The simple fact is that nobody has walked out of an EPCOT Center attraction in over a decade. The park has experienced massive identity shifts since 1994, pulling it further and further away from the ideals it began with - the ideal to make the world a better place through education, art, and culture. The issues that EPCOT Center tackled in 1982 - communication tools, energy conservation, man's frontiers, transportation technology, human creativity, land use, sea exploration and global culture - all of those are things we see in the newspaper every single day. After thirty years, we're still chasing the same ghosts as we were in 1982. It isn't that EPCOT Center was outdated, it's that it was ahead of its time. In an era when American politics and culture were sinking into hedonism and corporate enslavement, EPCOT Center reminded children that they didn't need to make the same mistakes their parents had.

What's "not right for kids" about that? Isn't that a message we all want to pass on to the next generation? And what better media format to tell it in than a place where you can be inspired and have fun - not a museum, but a theme park? With a singing dragon?

As an EPCOT child, that's what I find most troubling about Epcot The Theme Park - not that X or Y specific component is now missing, but that the message of the theme park isn't getting out there. That enrichment is fun. Learning is lifelong. That we are all "tomorrow's children".

That's why I'm most crushed that Journey Into Imagination closed - because I'm a real life example of the power that attraction wielded. That the next generation of creative children won't have their "little spark" awoken by such a rich, sumptuous experience.

That's the real tragedy of what Epcot has become - once the name signified something, all capital letters, bold and burdened with significance. Now it's been demoted to a noun. It's no longer about the idea behind EPCOT Center, but the place itself, another place to ride thrill rides and drink heavily. Just because it says "Epcot" doesn't mean that it means EPCOT.
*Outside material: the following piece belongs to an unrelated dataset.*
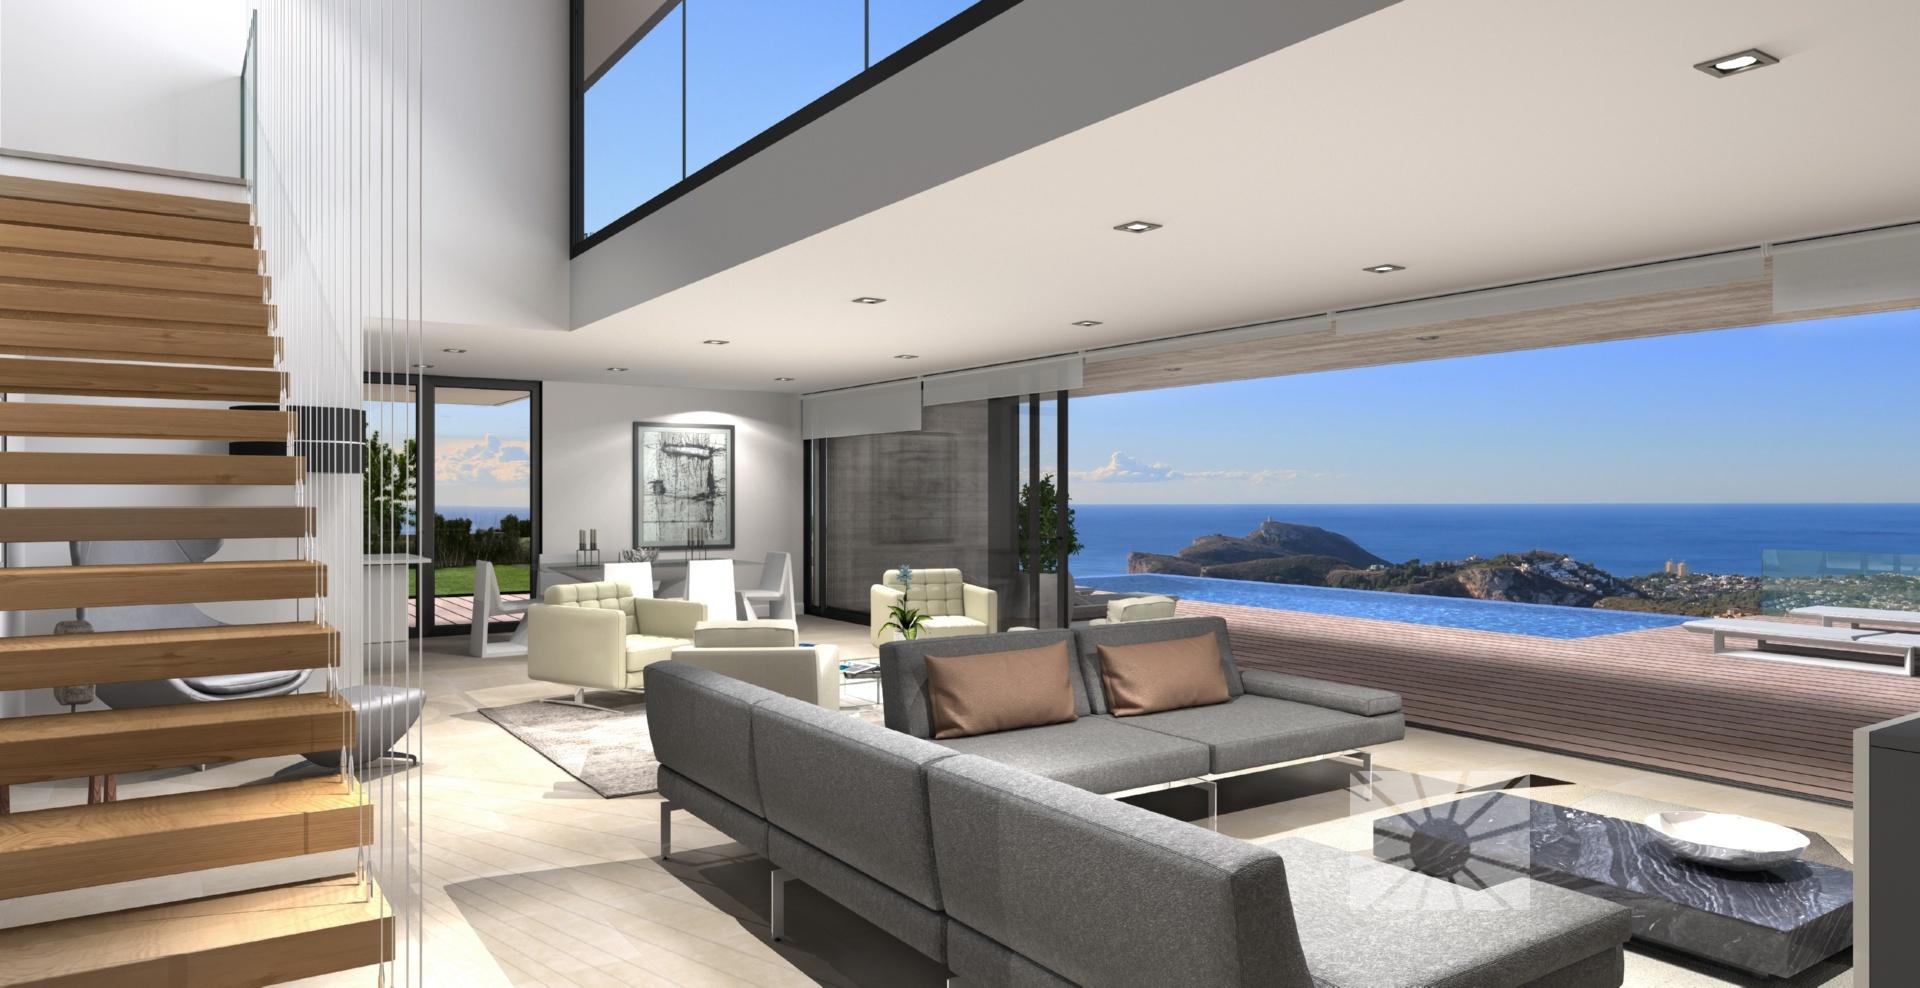 Luxe moderne zeezicht villa in benitachell spanje specials for Moderne luxe villa

It's time to stop committing to Epcot as a system and embrace it as a sign - as an idea. For eighteen of the park's thirty years, the mission has wavered. The park has been cluttered with neon and metal debris. The attractions have been content to gloss ideas and images or present uninformative, pedestrian amusements. And the EPCOT babies have all vanished along with the acronym.
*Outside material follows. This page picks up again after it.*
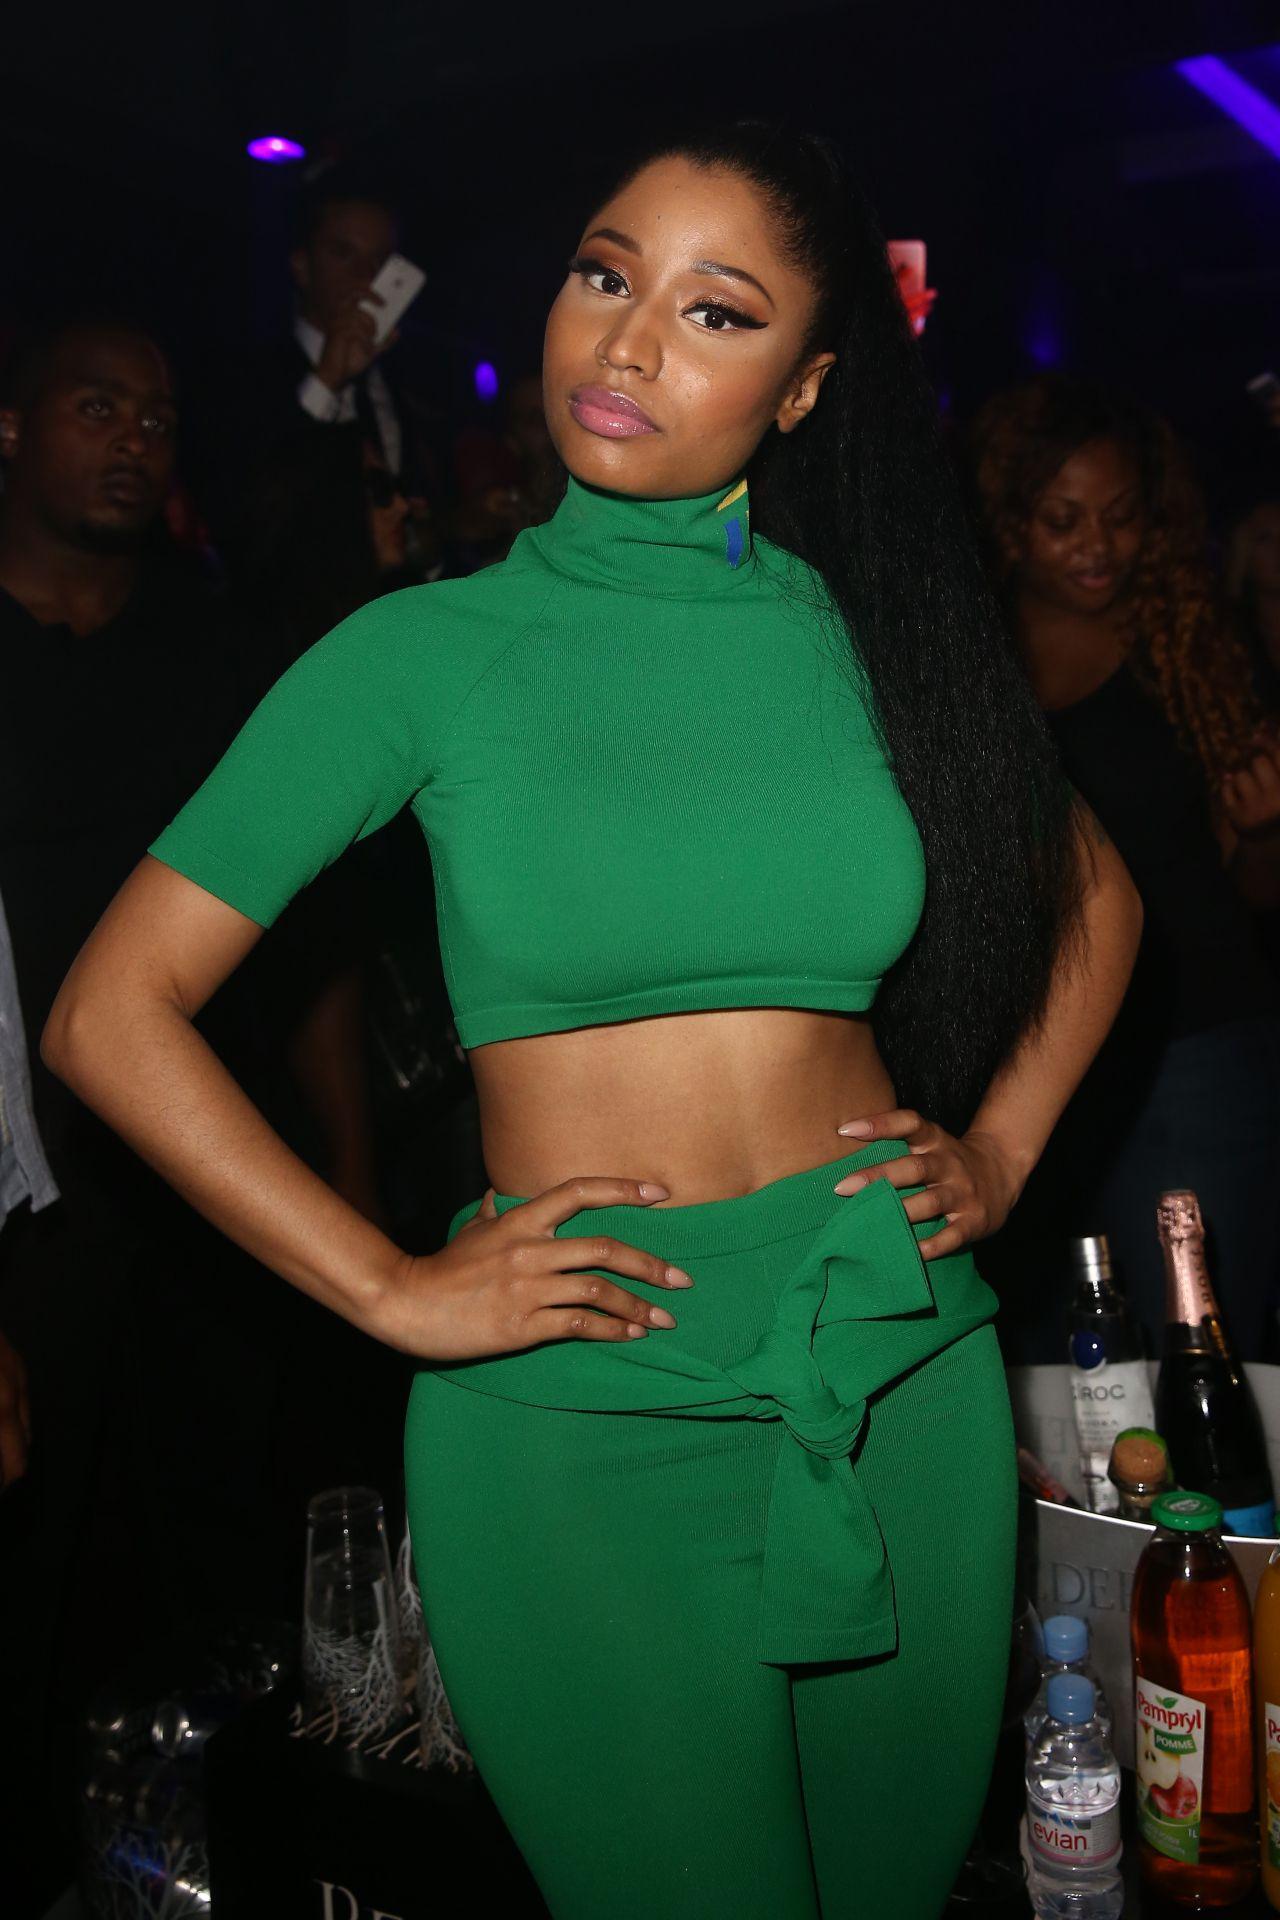 Nicki Minaj Performs During a Party at Club 79 in Paris - Sept. 2014

This needs to begin somewhere. If not with a re-commitment to the ideals of the park itself, than perhaps starting just with the name: EPCOT Center. It was never an easy name, not at all like "The Magic Kingdom". EPCOT Center makes you think as you say it, the acronym hints at a larger context, the "Center" implying something both important and grand. Epcot is a person, place, thing, or idea; you smile when you say it. EPCOT Center is a bar to reach, a title worth living up to. Perhaps if the park were once again called EPCOT Center, the various units, attractions and displays would once again strive to be worthy of the name. Bit by bit, the components of the park could once again lock in step and flow and move and spin and circle their message of harmony, peace, and idealism.

Yes, I'm a dreamer and an idealist. EPCOT taught me to be this way.
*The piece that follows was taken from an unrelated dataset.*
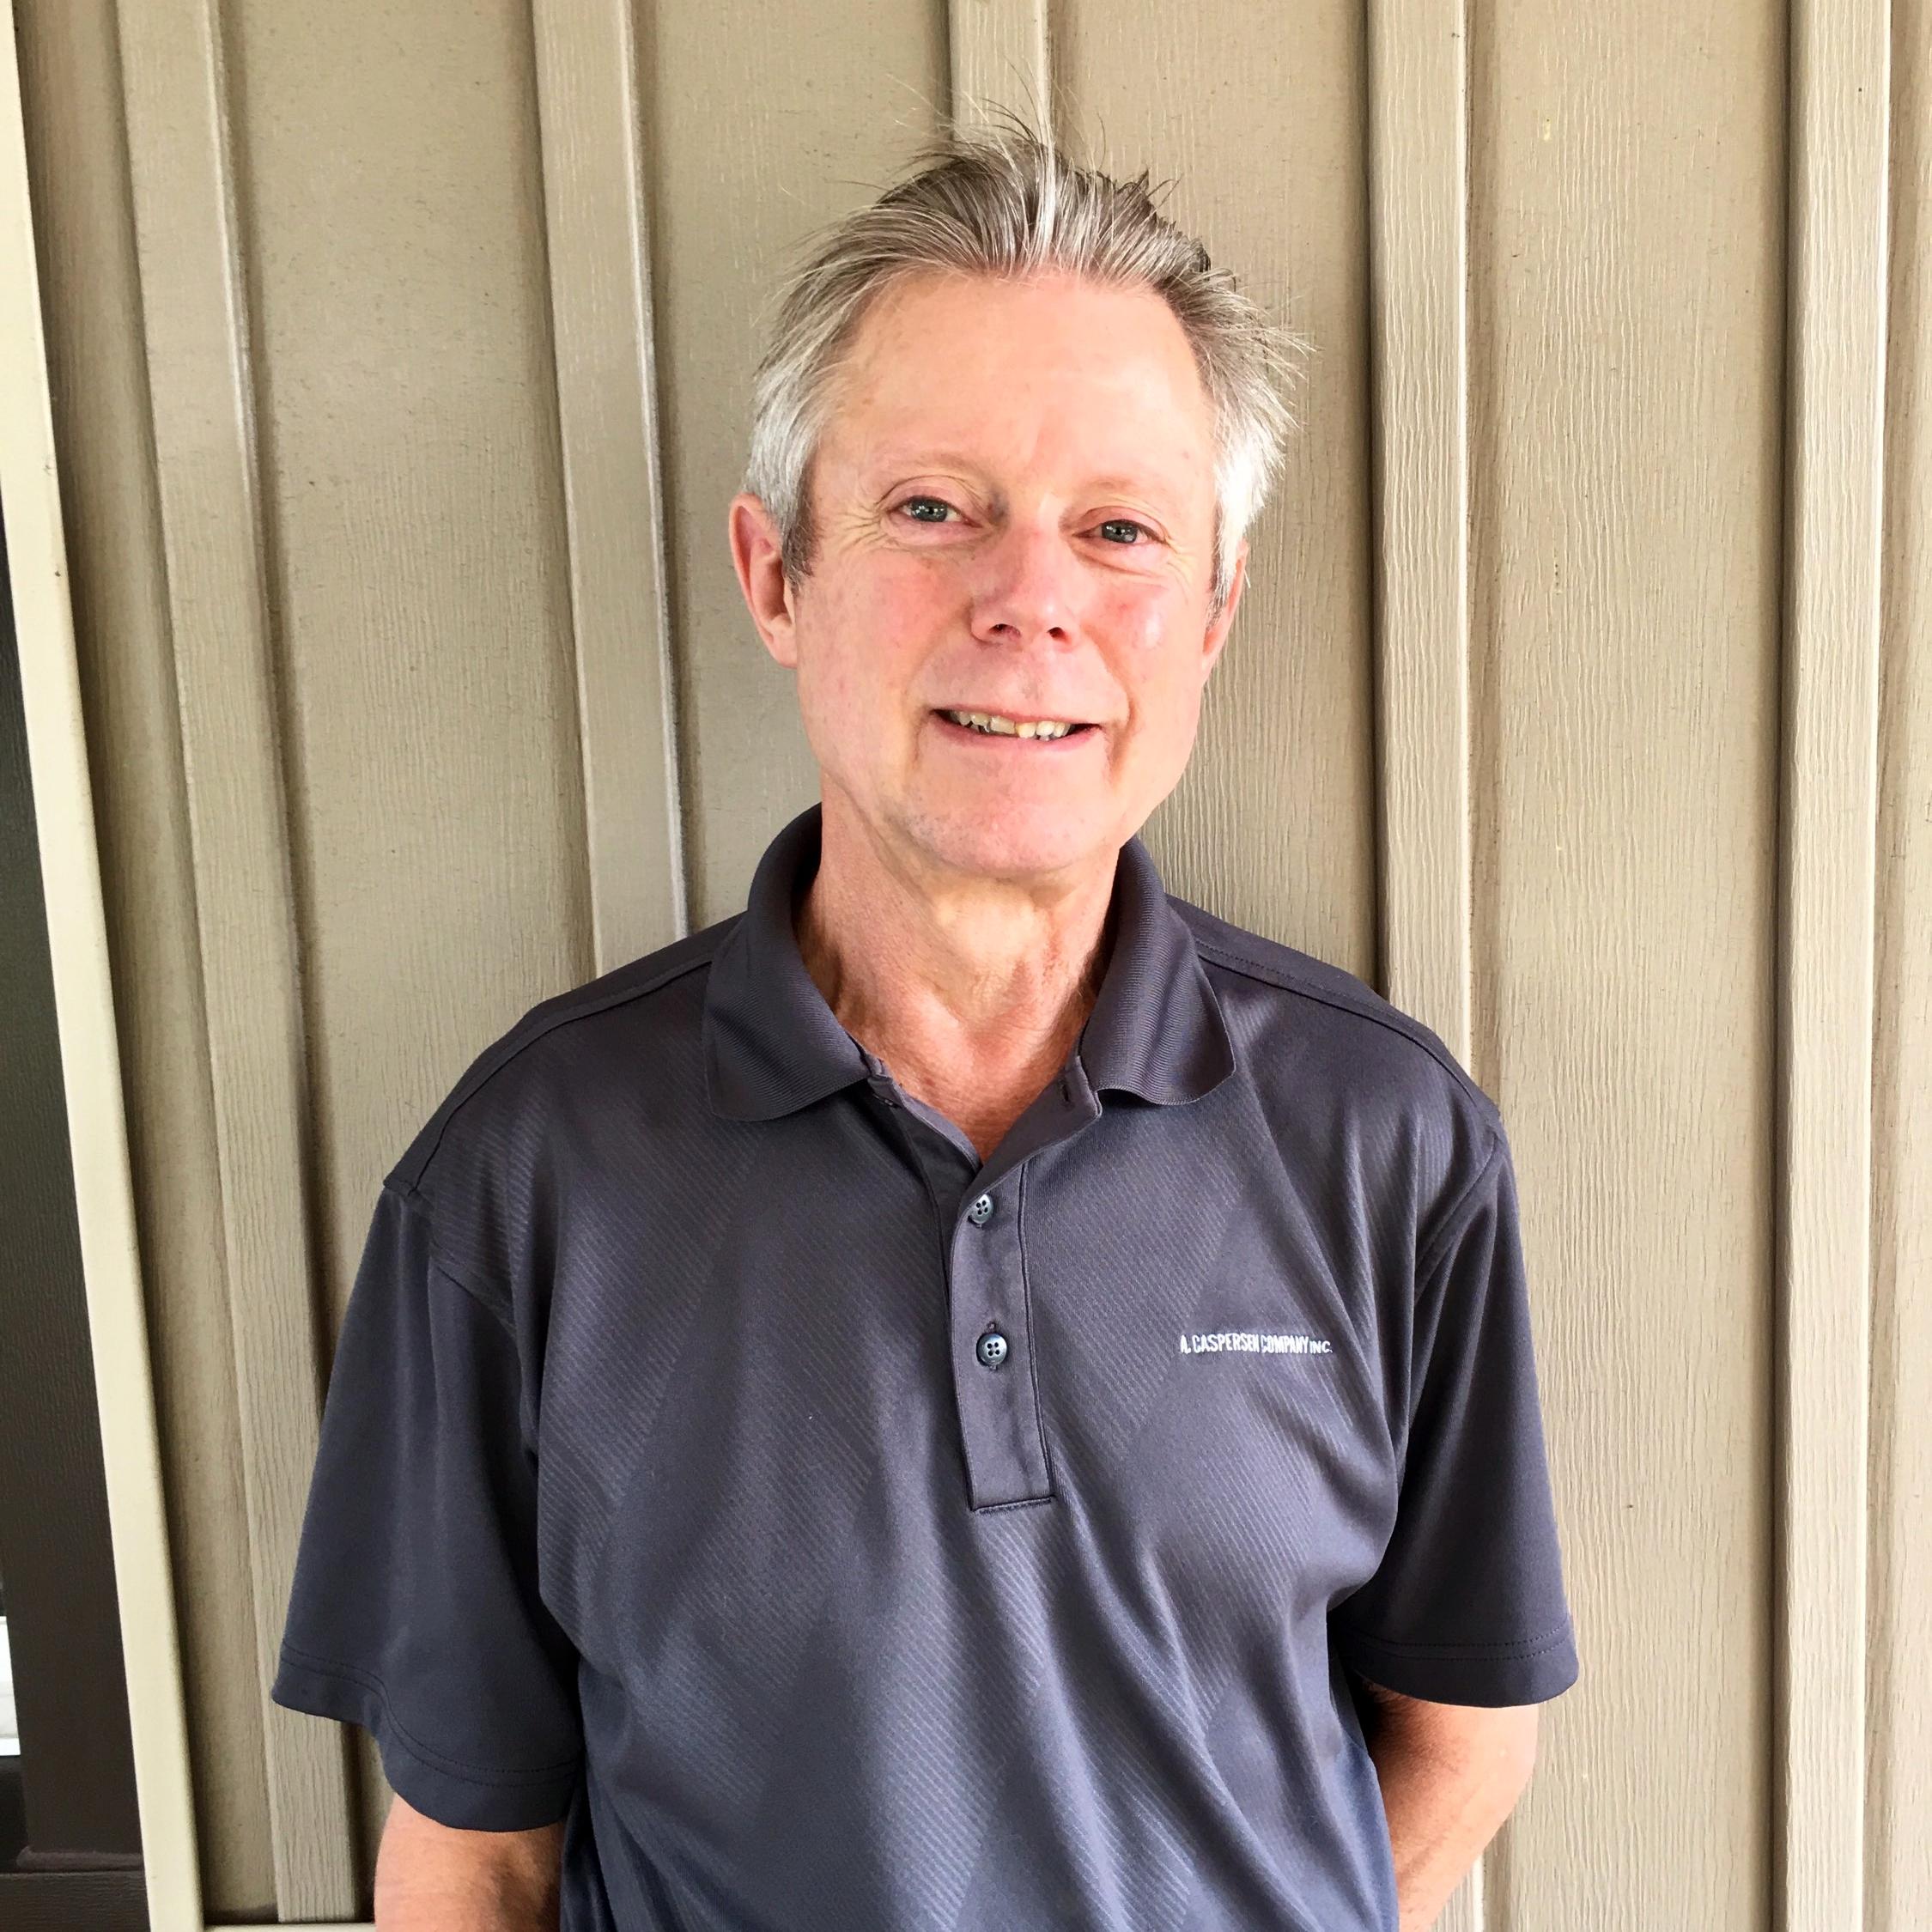 Martin Caspersen - Operations Manager

This blog and this writing and my whole creative core is a product of the EPCOT generation, and the EPCOT generation is all of us who were moved by that park, and now we are the ones in a position to vote with our money and write with our voices and tell Disney what a EPCOT Center is and should be. Because EPCOT, as a creative entity, has moved us all. One of the greatest theme parks ever built was also, in the final assessment, amongst the most successful. It actually achieved its' laudable goals.

We are the EPCOT Generation. And it's up to Disney and it's up to us to make sure that we won't be the last.